Vous souhaitez prendre des décisions collectives après les avoir discutées ne nécessitant pas de rencontres en présence ? Loomio permet de réaliser des votes par consensus. D’autres plateformes telle Democracy OS sont également à explorer.

Développé par la même communauté néo-zélandaise, CoBudget permet à un groupe de proposer différents projets dans lesquels investir, puis d’inviter chaque membre du groupe à affecter ses fonds aux projets les plus pertinents.

Pour une gestion plus traditionnelle, GnuCash est un bon moyen de garder l’œil sur votre comptabilité.

Lire et convertir

Vous devez gérer vos livres en ligne? Calibre est un outil pour lire et convertir.

Certains livres sont protégés par un DRM (.ascm) et doivent être téléchargés par le biais d’un logiciel spécifique.

Certaines librairies ont aussi un format spécifique (.azw), qui ne fonctionne que sur leurs appareils. Il existe des outils qui suppriment ces protections, mais vous préférerez peut-être rechercher des listes de livres publiés dans le domaine public.

Modéliser et illustrer

La visualisation est souvent efficace pour donner une vue d'ensemble sur un sujet.

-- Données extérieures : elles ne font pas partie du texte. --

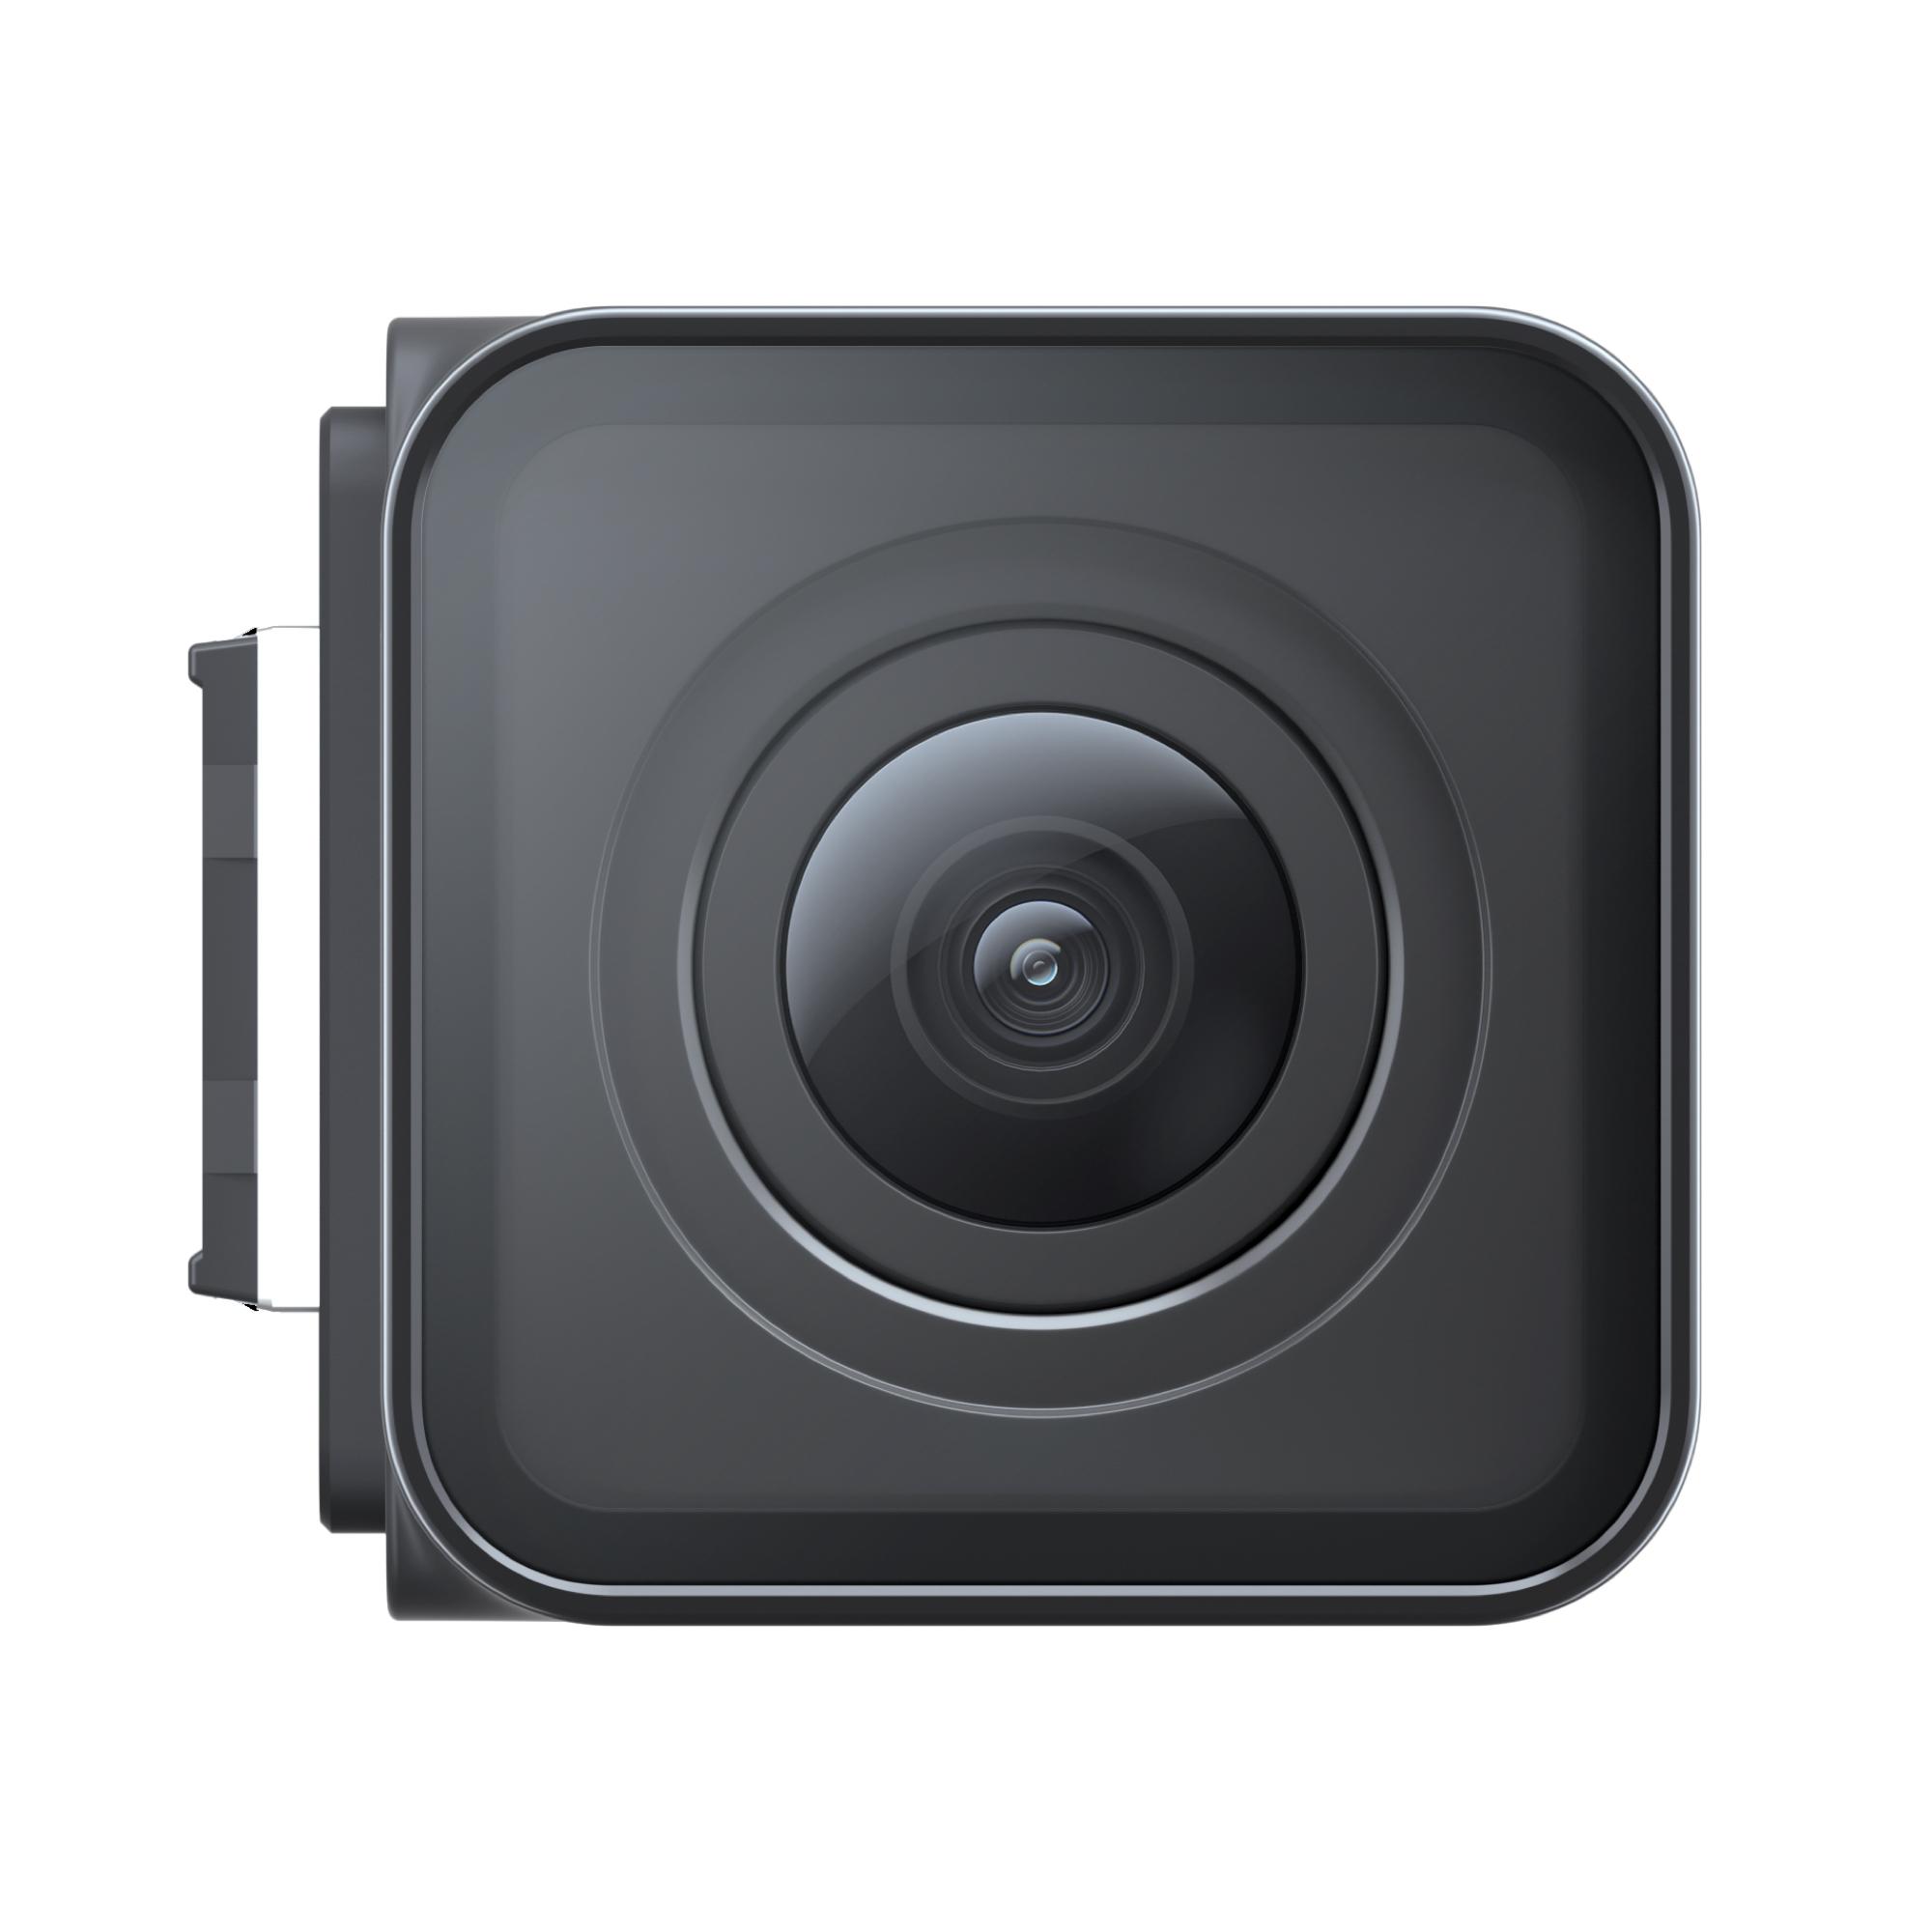 Caméra ONE R 4K - Insta360
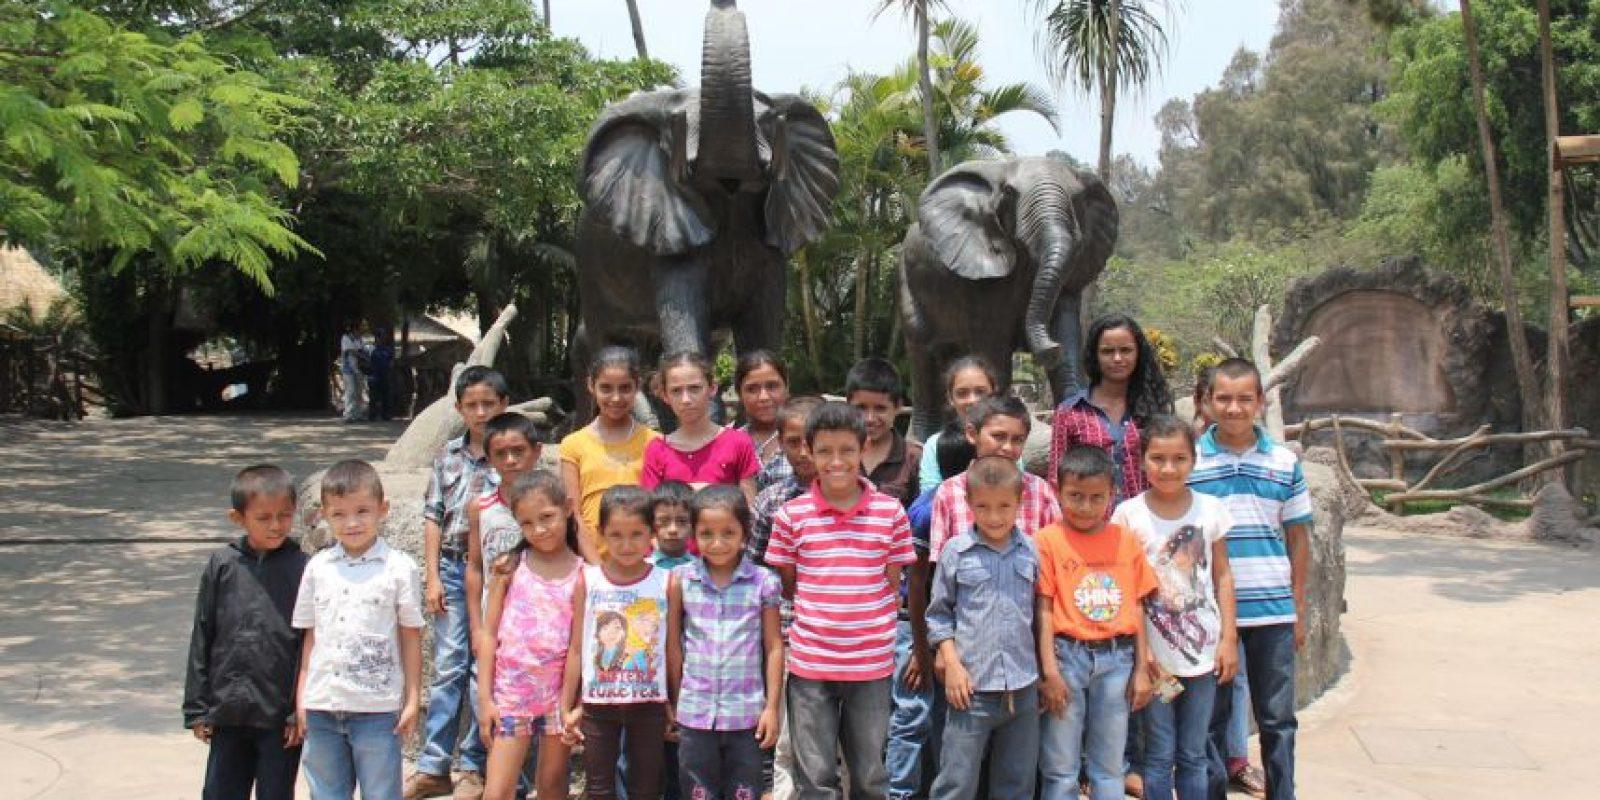 La visita al Zoológico. Foto:Mineduc

Les outils intéressants sont FreeMind pour une carte heuristique standard et Compendium NG pour une cartographie à plusieurs niveaux. MetaMaps est une option intéressante pour les cartes en ligne.

Pour les diagrammes et les graphiques, Calligra Flow or Dia peuvent être utilisés. LibreOffice vient également avec son propre outil.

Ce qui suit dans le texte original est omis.